Final Fantasy IV — released as Final Fantasy II in North America — was the series' first entry on 16-bit hardware and the first to tell a character-driven story with a defined protagonist. Cecil Harvey, a dark knight who sought redemption, moved through a cast of 16 characters across a world and an underground realm. The Active Time Battle system — enemy turns happening in real time while the player deliberated — became the Final Fantasy combat standard for five entries.

Deep Dive

Final Fantasy IV was directed by Hiroyuki Ito at Square and represented the first significant narrative ambition in the series. Previous Final Fantasies had anonymous heroes; Cecil was a character with backstory, motivation, and moral weight.
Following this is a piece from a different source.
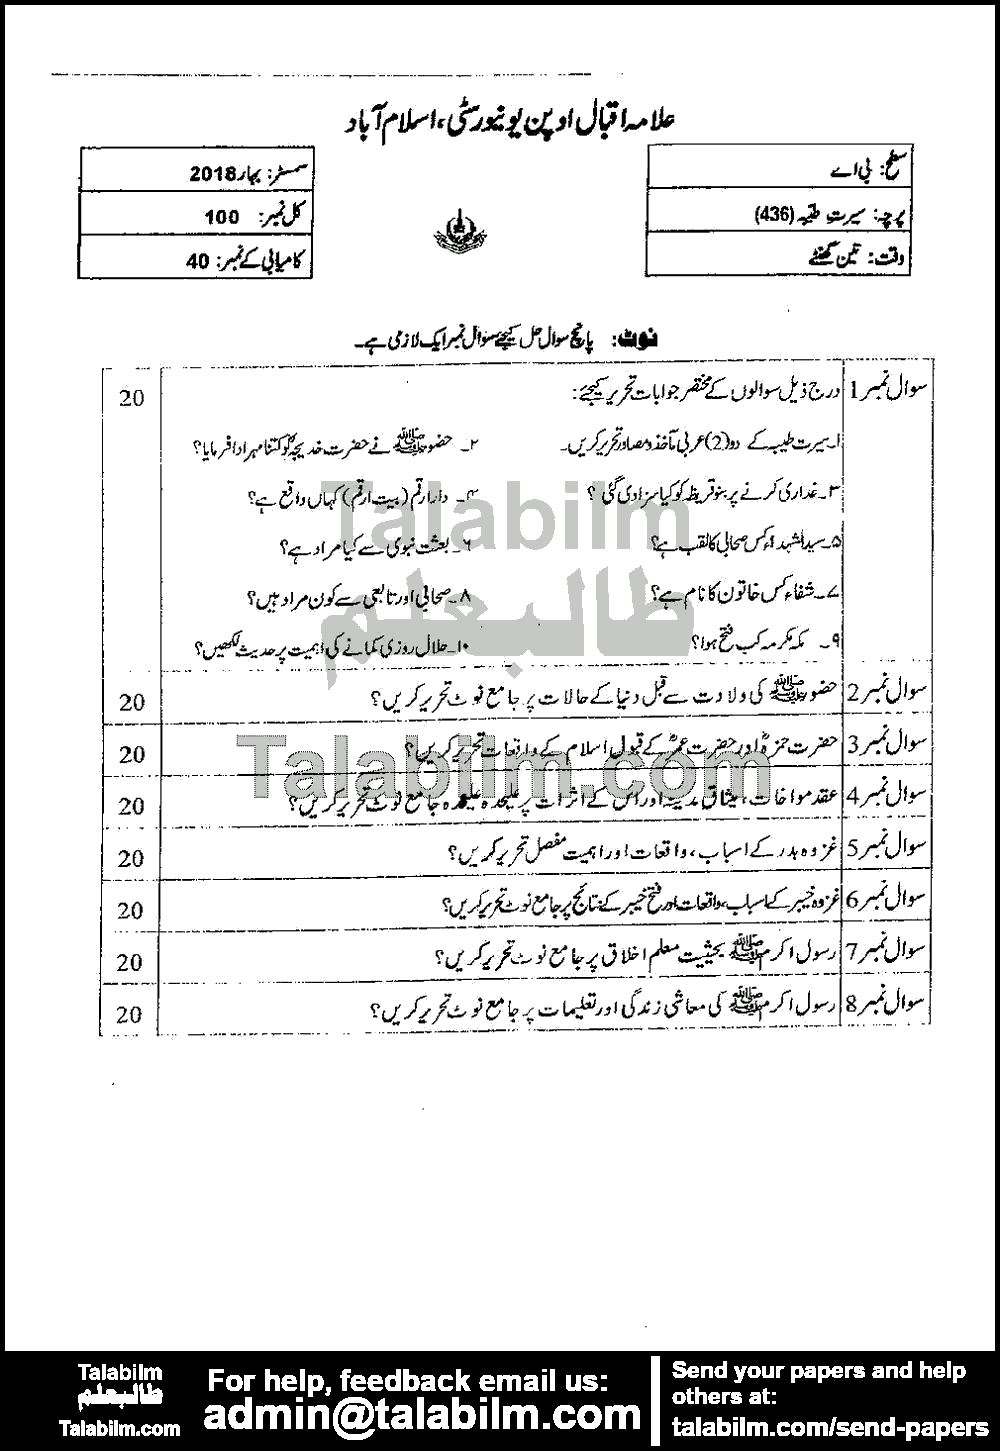 Seerat-e-Tayyaba 436 past paper for Spring 2018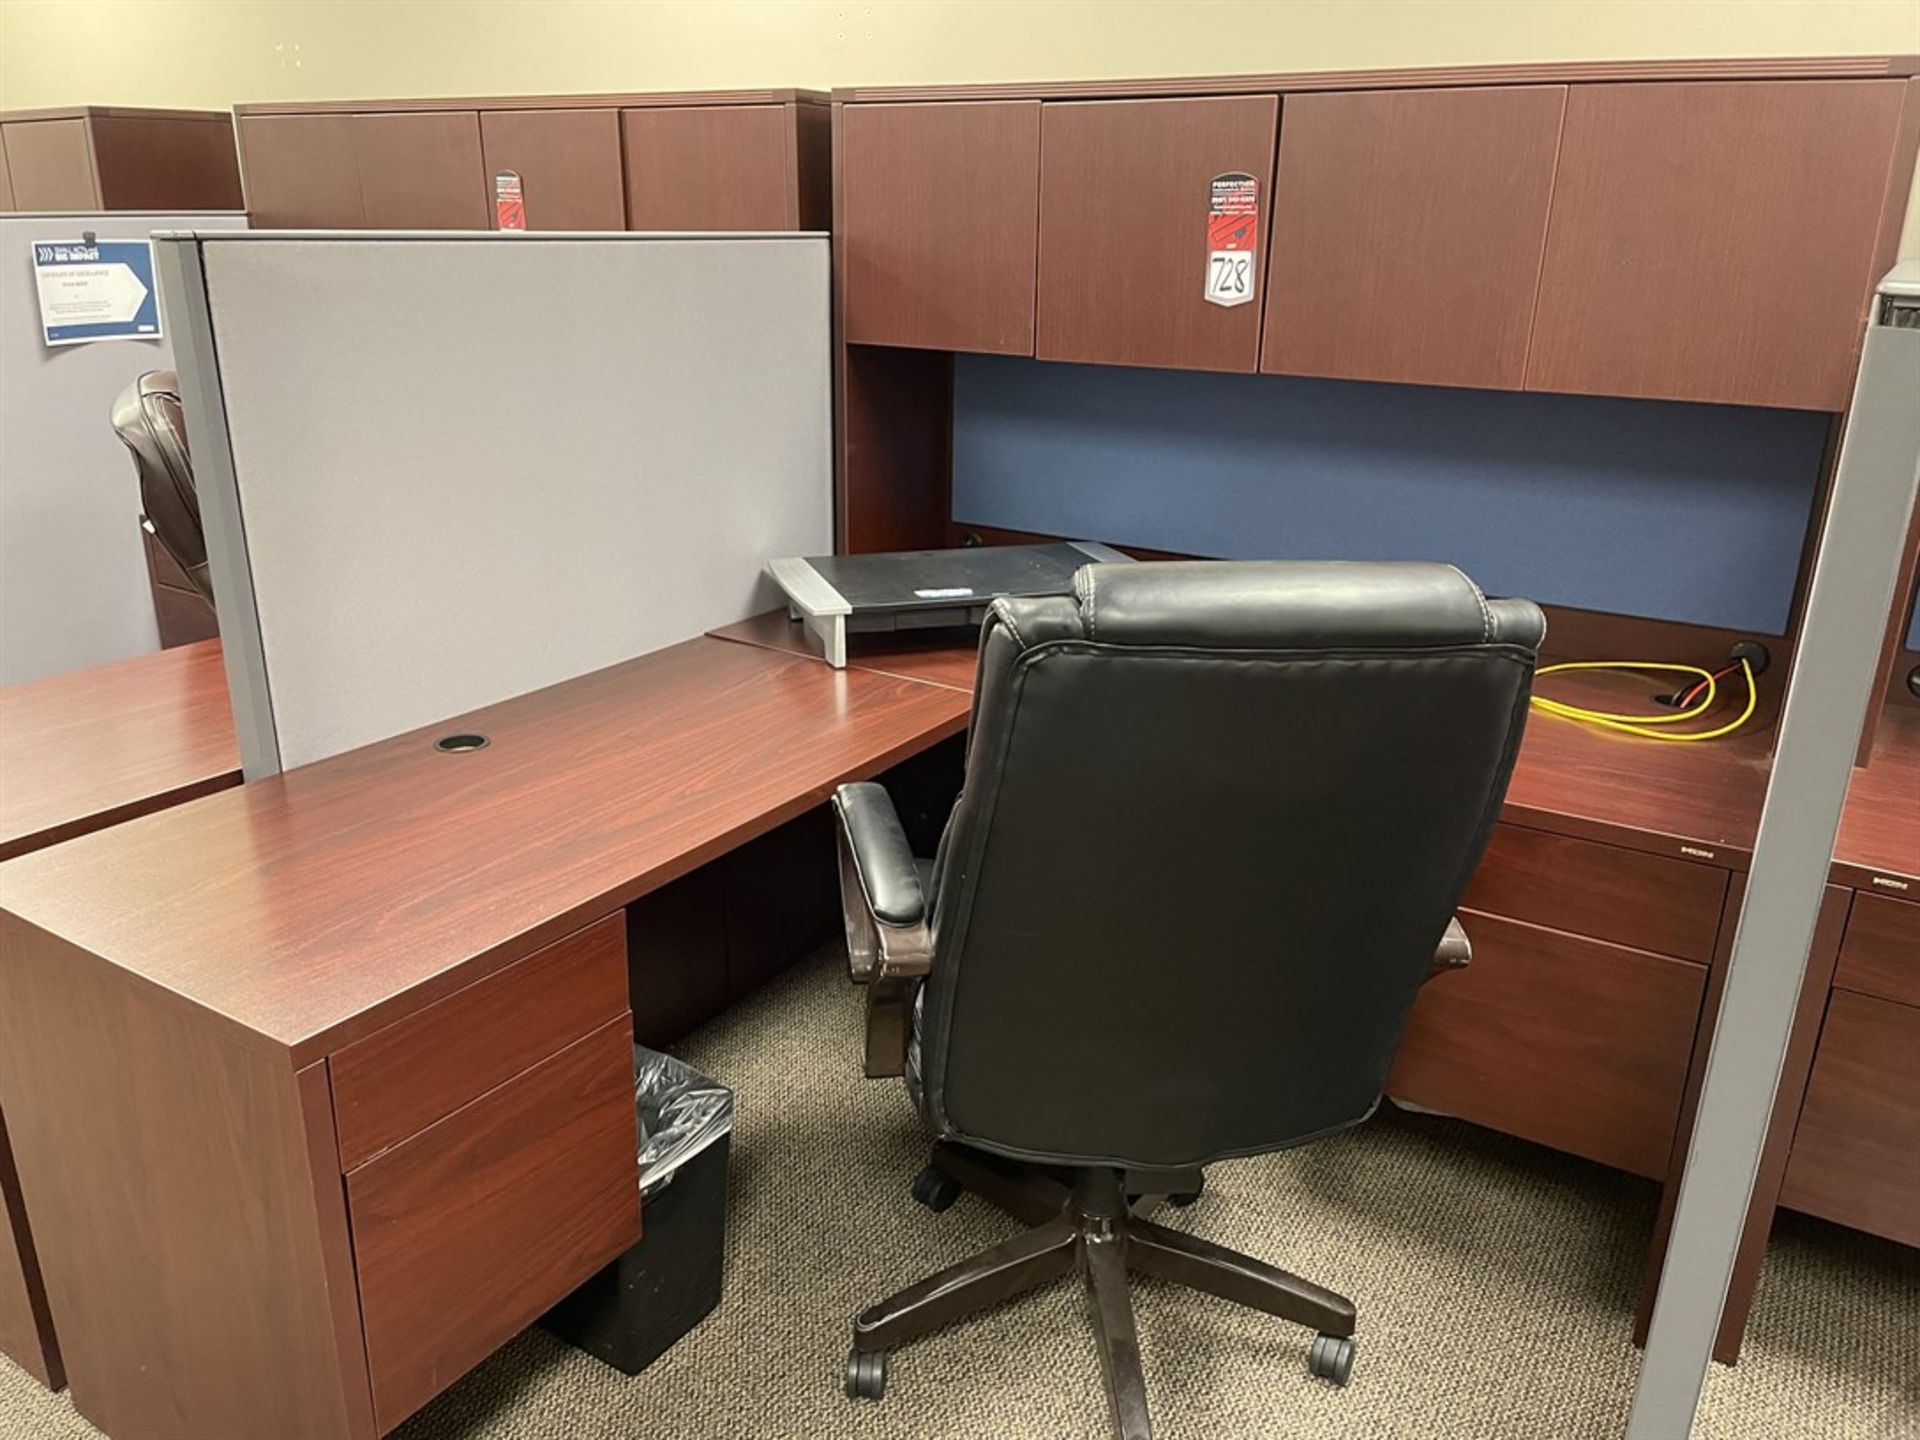 L-Shaped Desk and Office Chair, (No Contents or Electronics)

The Active Time Battle system — developed by Hiroyuki Ito — added urgency to turn-based combat by allowing enemy actions to occur while the player was thinking. The game's story, involving betrayal, sacrifice, and redemption across multiple party members, established the dramatic template that Final Fantasy VI and VII would build on.

Developer Story

Final Fantasy IV was directed by Hiroyuki Ito and produced by Hironobu Sakaguchi at Square. The game was developed in approximately one year as the launch RPG for the Super Famicom. The team wanted to demonstrate that SNES hardware could support a narrative quality and production scale that the NES hadn't allowed.

Did You Know?

  • Final Fantasy IV's Active Time Battle system was designed by Hiroyuki Ito, who was inspired by Formula 1 racing — each character and enemy had a different 'speed' that determined how often their action meter filled.
  • The game was released in North America as Final Fantasy II because Square hadn't localised the actual Final Fantasy II and III — Western players were unaware they were missing two entries in the series.
  • Rydia — the summoner character who joins and leaves and rejoins the party — aged several years during a story event, returning as an adult version of herself, which was unusual character development for a 1991 JRPG.
  • Final Fantasy IV was one of the first SNES games to use the console's Mode 7 for its world map, rotating the flat map to give the impression of travelling across a globe.